*** Opening of Provided data ***

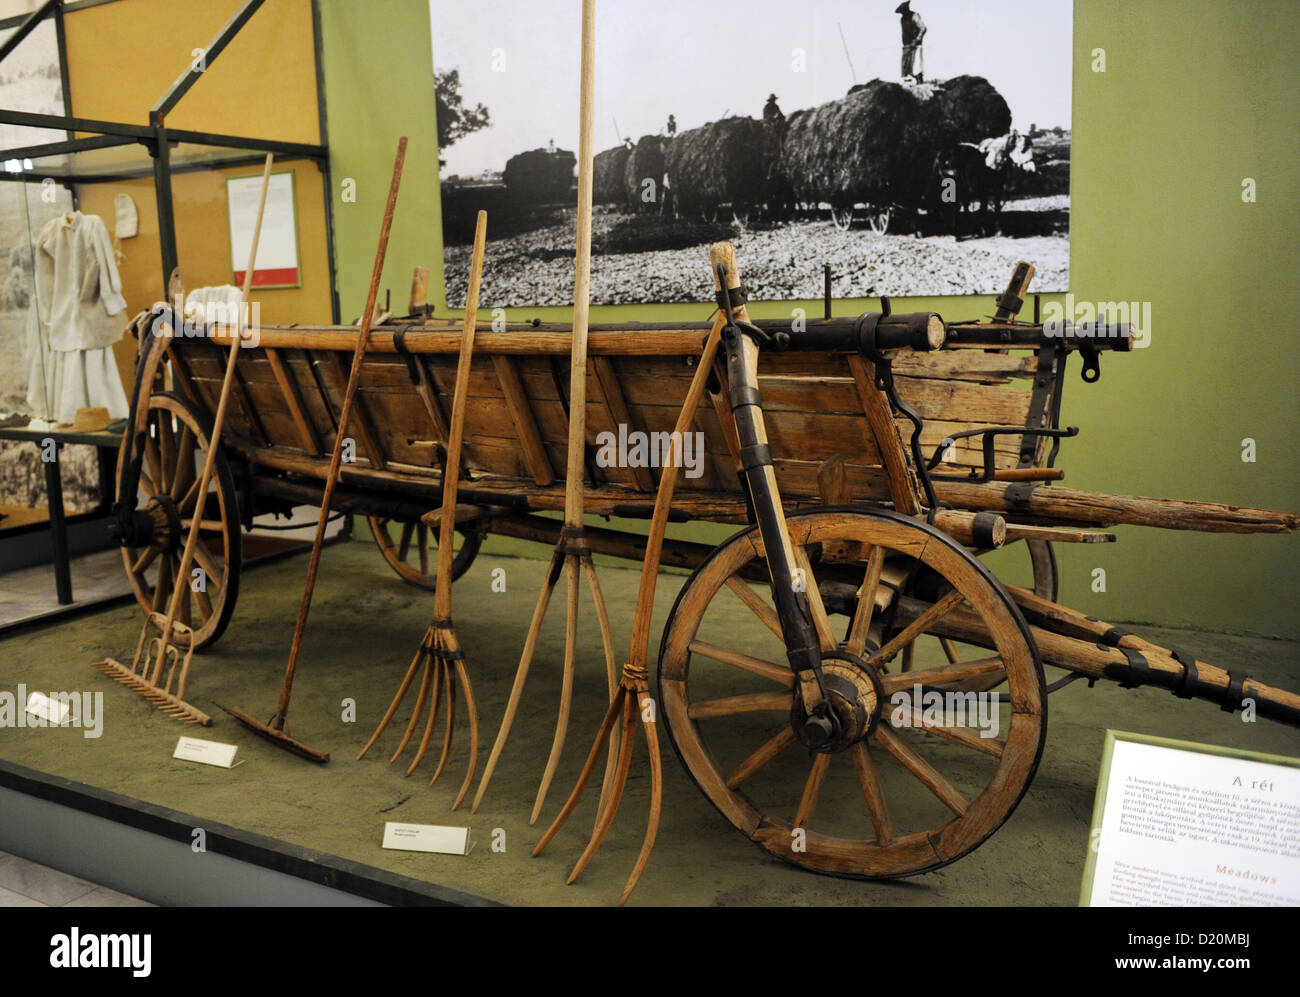 Les outils utilisés pour recueillir l'hay. Musée ethnographique. Budapest. La Hongrie. Banque D'Images
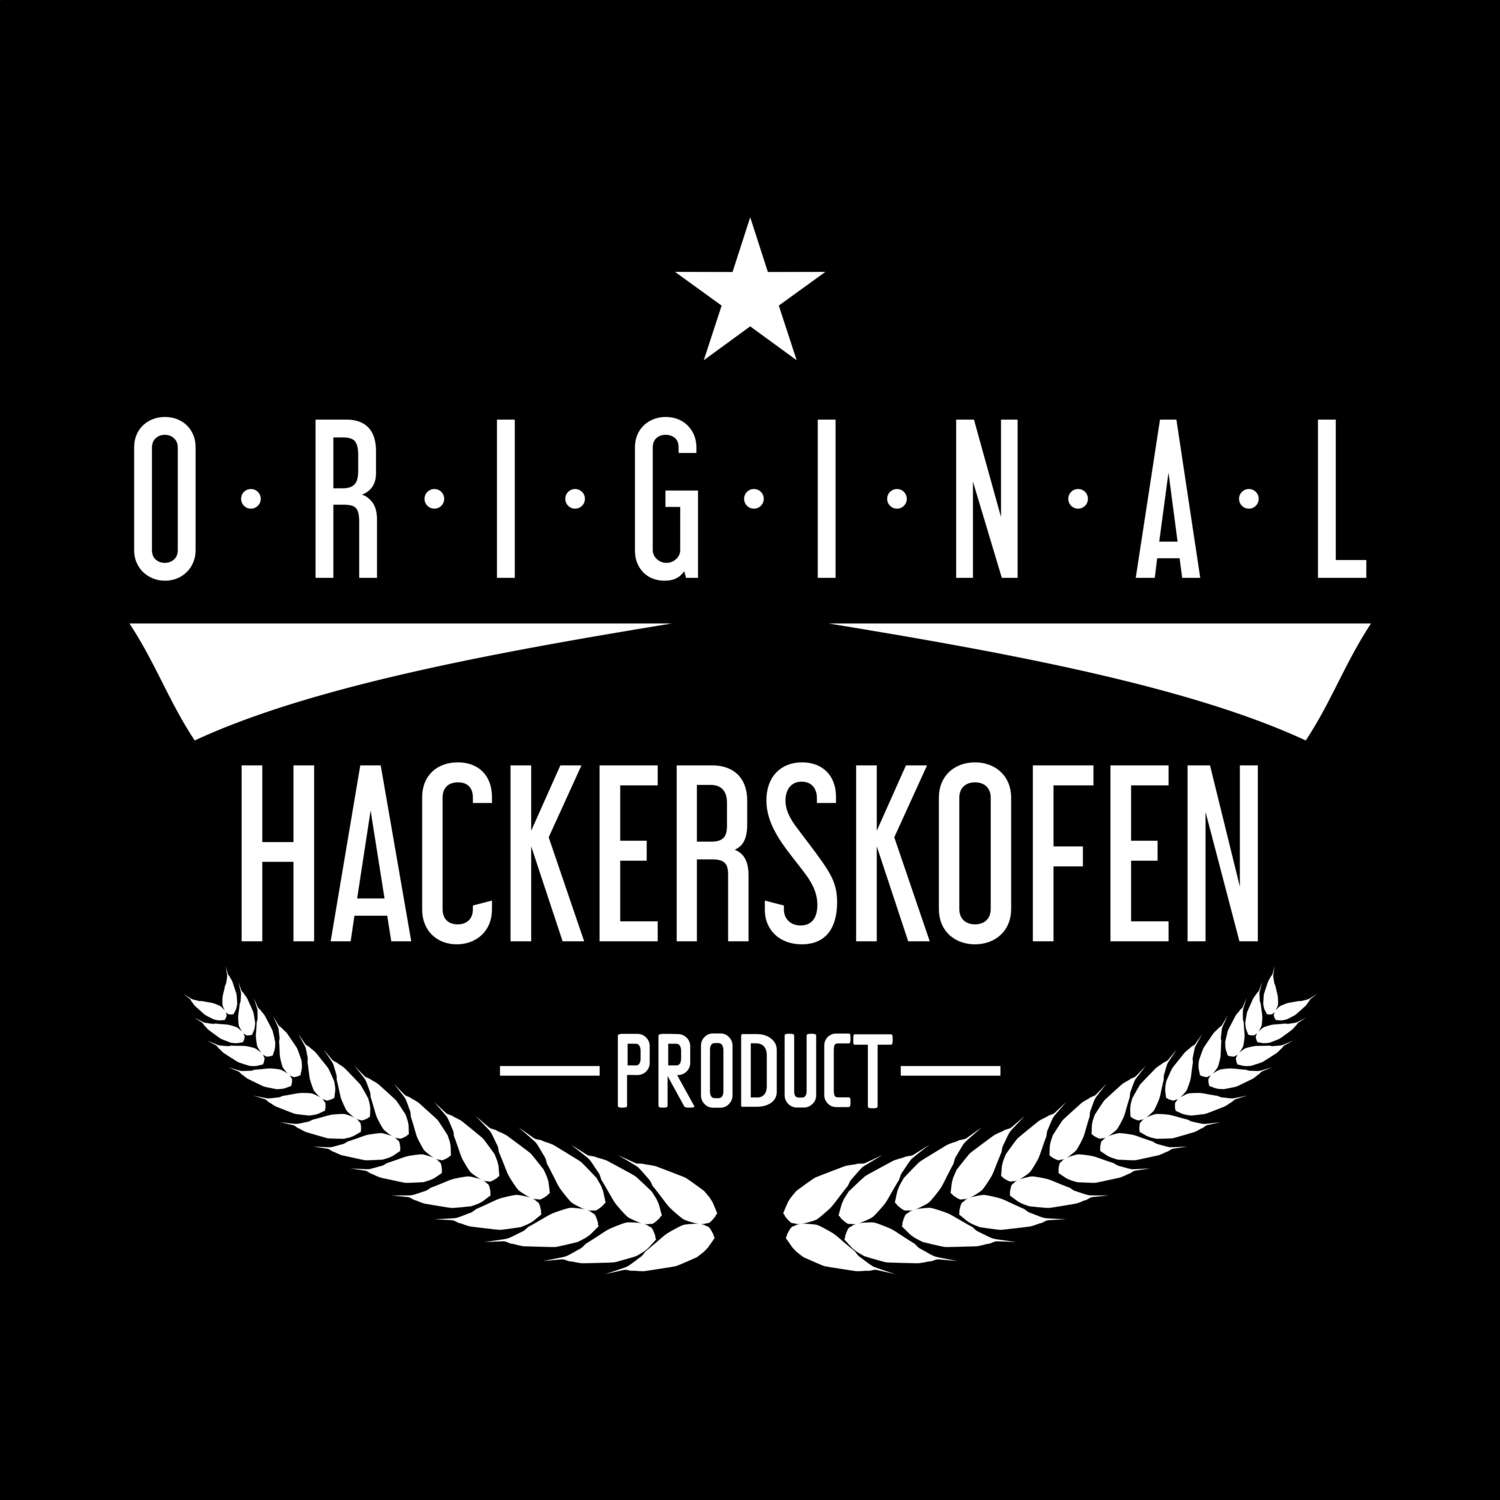 Hackerskofen T-Shirt »Original Product«
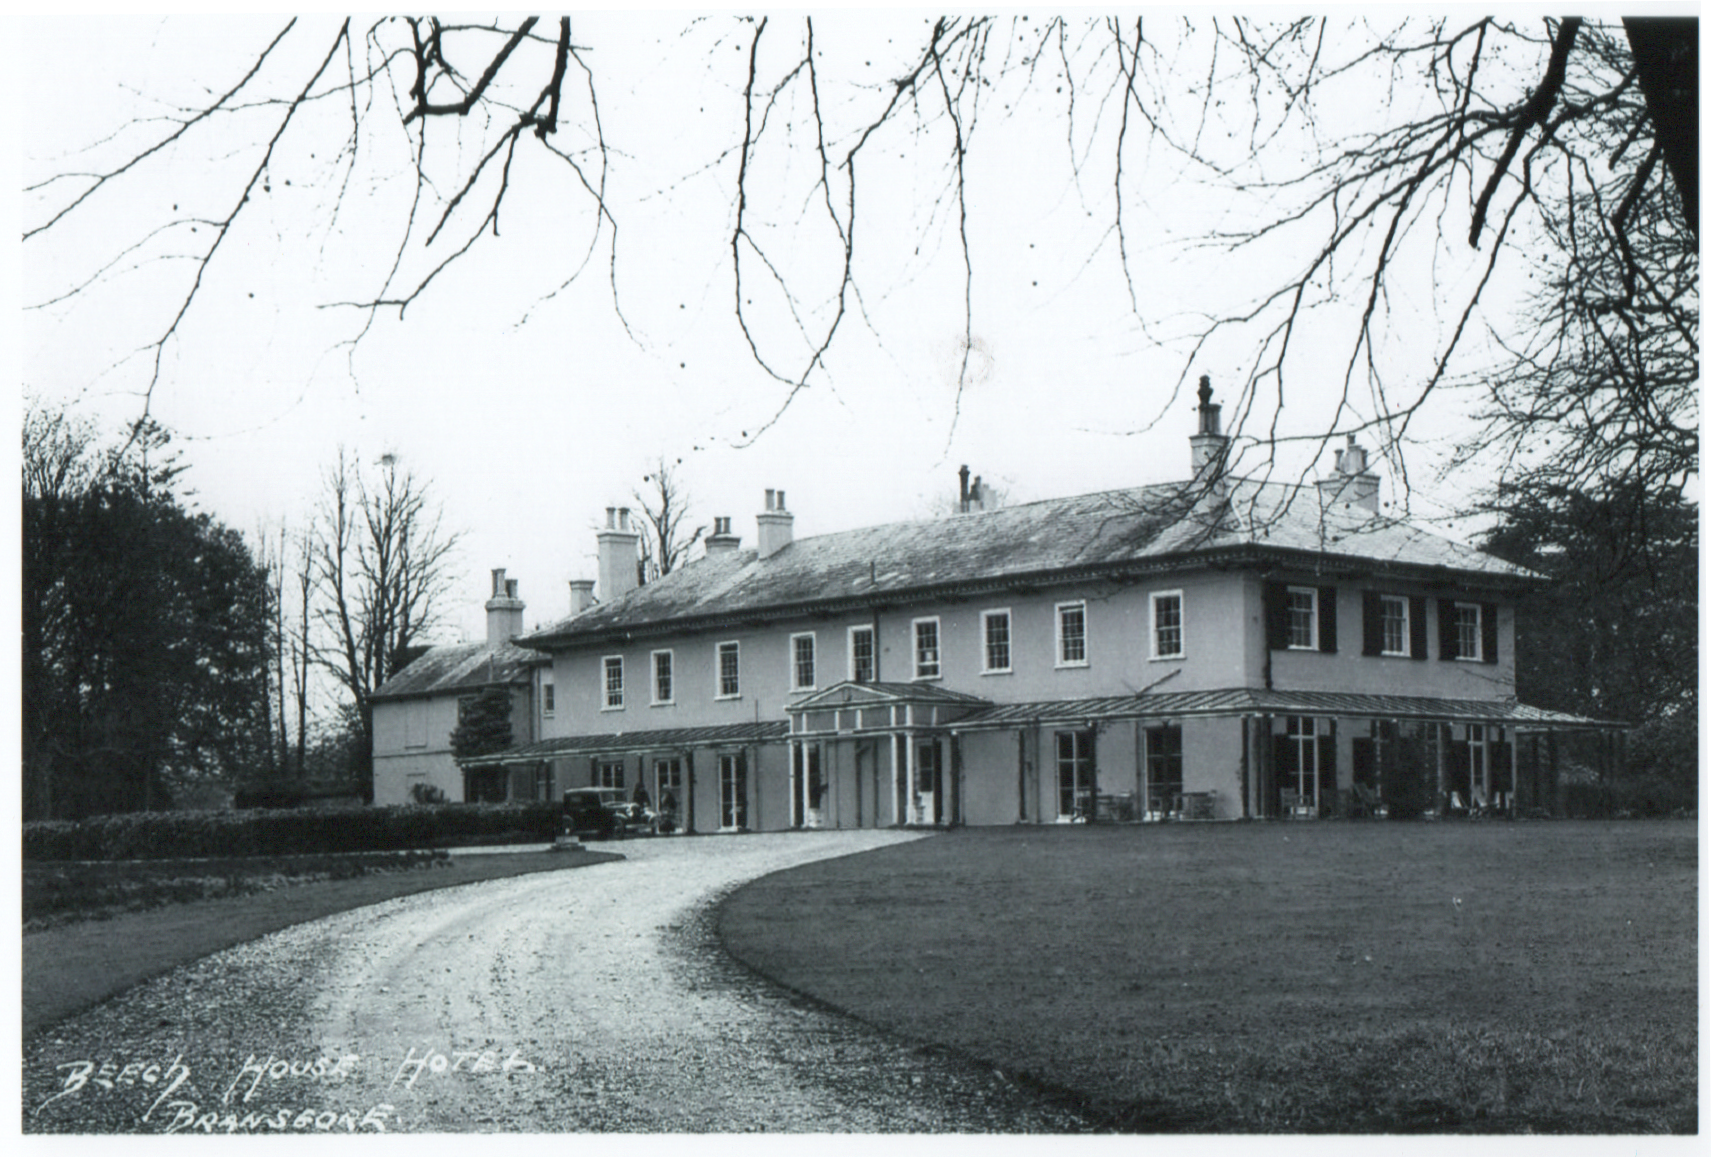 Beech House 1939
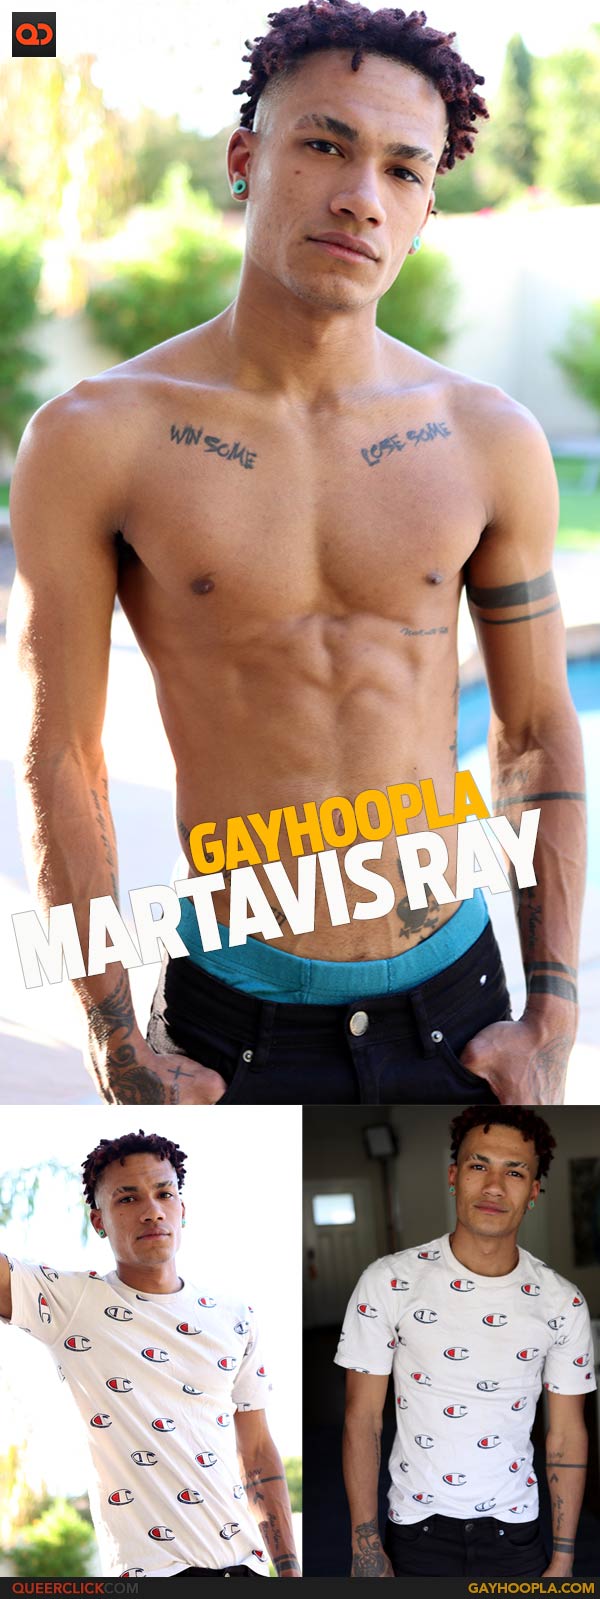 GayHoopla: Martavis Ray

*** Close of Provided data ***

### What to produce
Please retype the whole listing above exactly, without any of its images.

### Solution to the exercise
 Les outils utilisés pour recueillir l'hay. Musée ethnographique. Budapest. La Hongrie. Banque D'Images
 Hackerskofen T-Shirt »Original Product«
 Beech House 1939
 GayHoopla: Martavis Ray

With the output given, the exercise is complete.